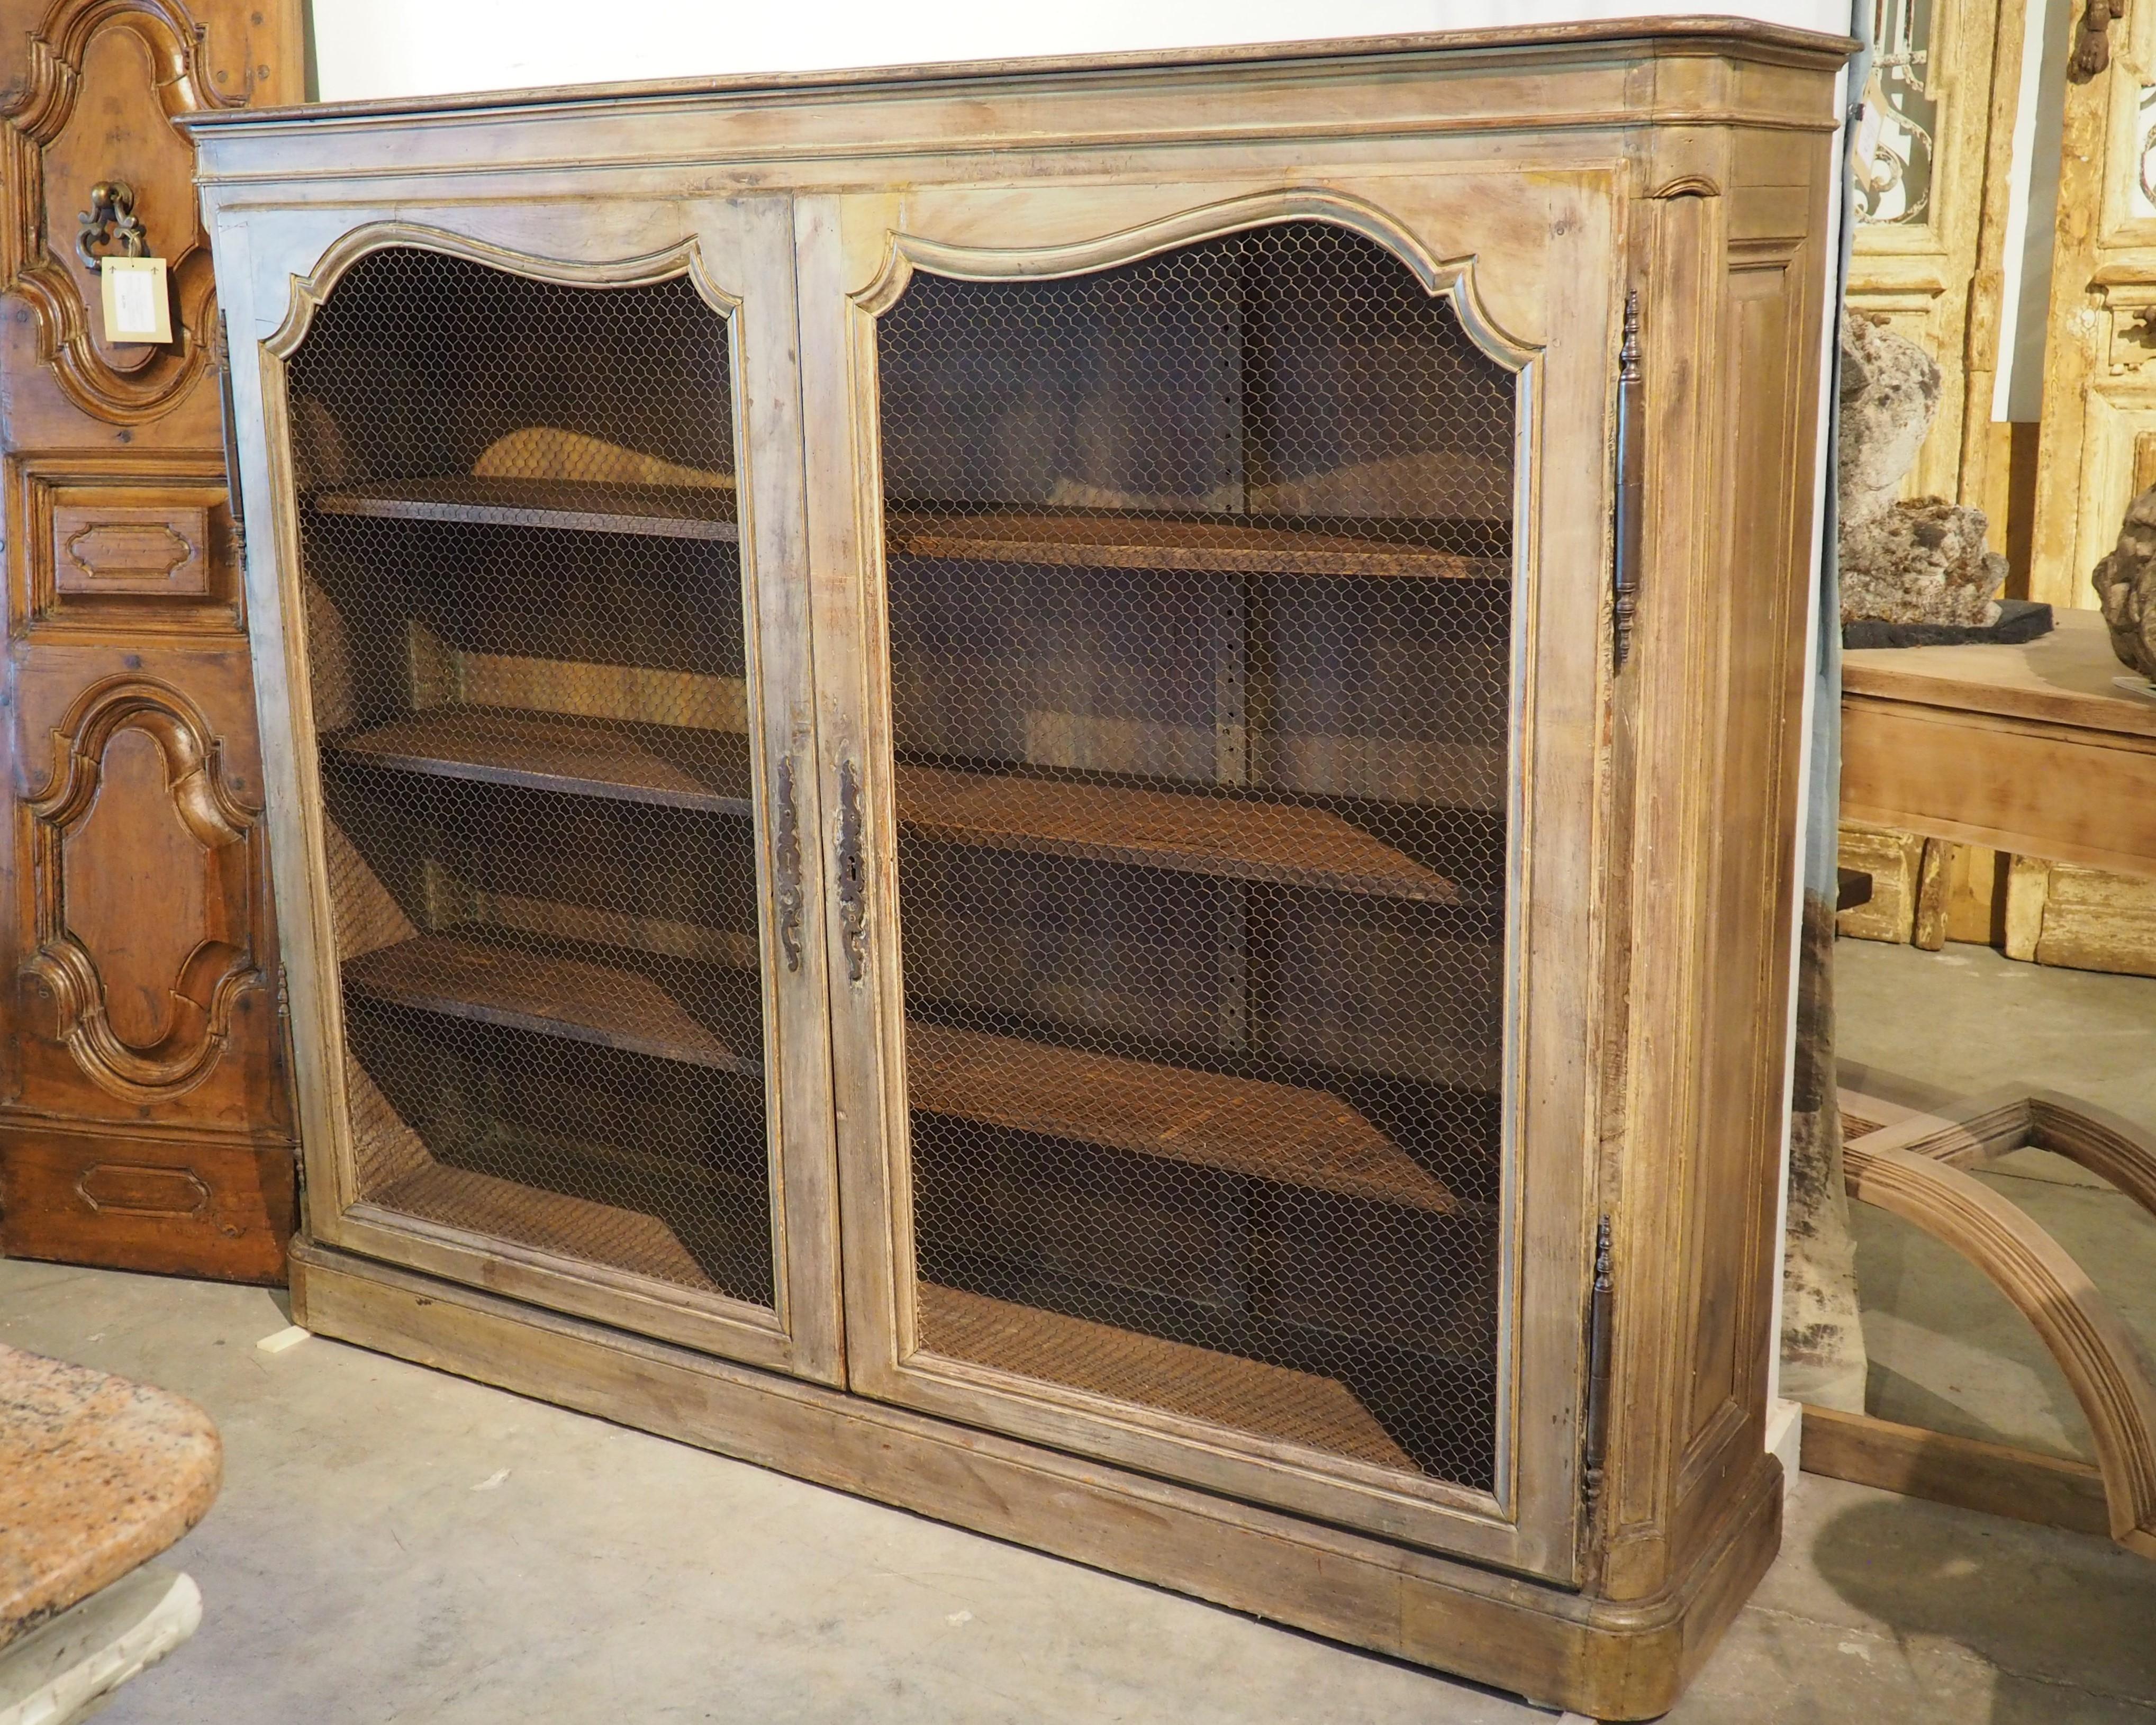 Early 19th Century French Bibliotheque Cabinet with Wire Mesh Door Panels 12
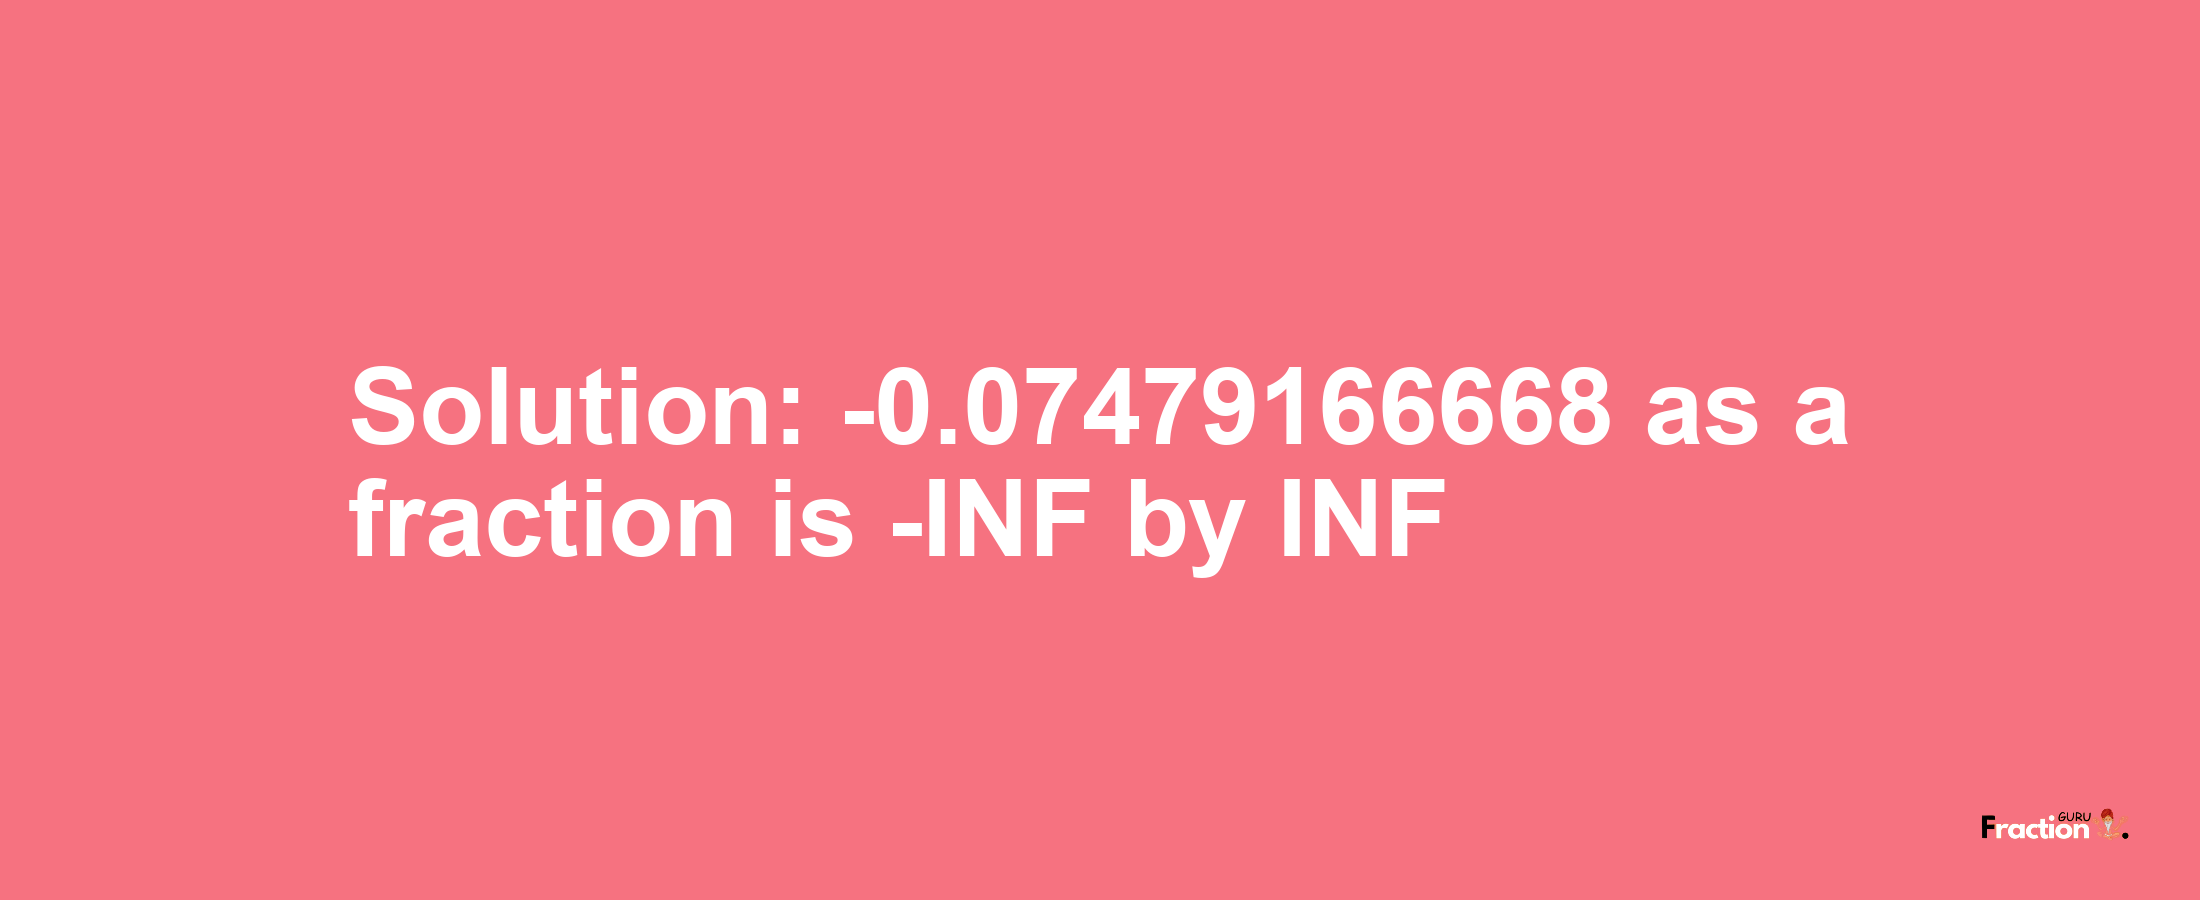 Solution:-0.07479166668 as a fraction is -INF/INF
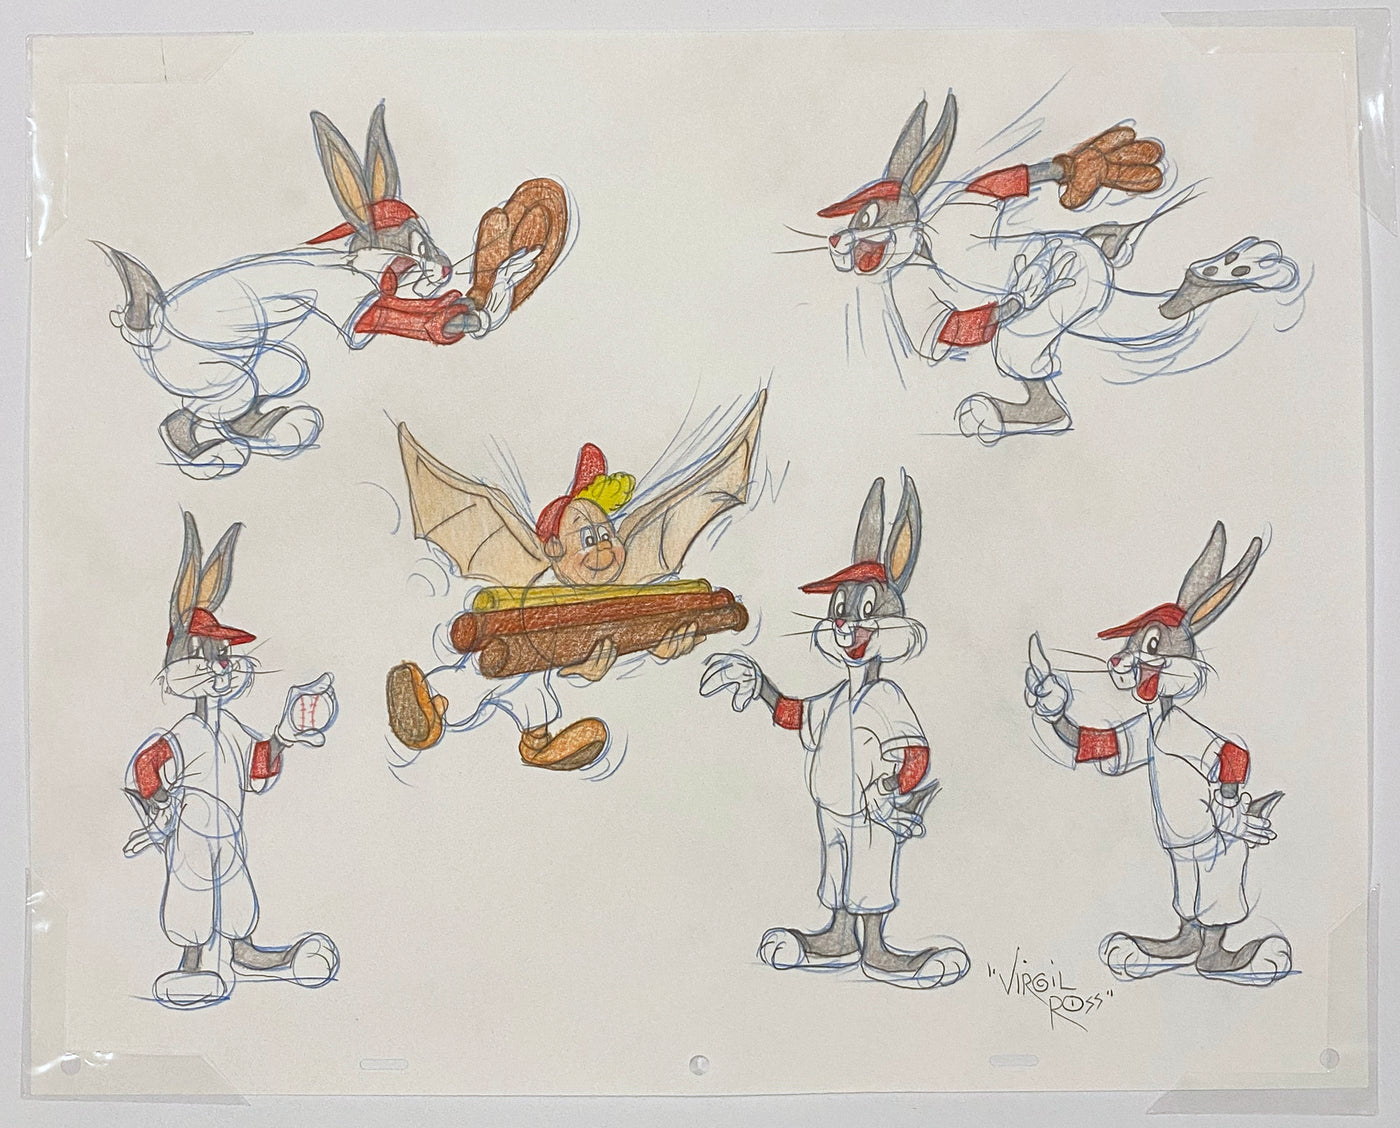 Original Warner Brothers Virgil Ross Model Sheet Animation Drawing featuring Bugs Bunny and Bat-boy
--*--
* _INSTRUCTIONS FOR THE TASK_
Nothing should be printed except the lines from the one with "Solution:-0.07479166668 as a" through the last line of the listing above, both ends included; please drop the pictures.

* _THE ANSWER_
 Solution:-0.07479166668 as a fraction is -INF/INF
 Original Warner Brothers Virgil Ross Model Sheet Animation Drawing featuring Bugs Bunny and Bat-boy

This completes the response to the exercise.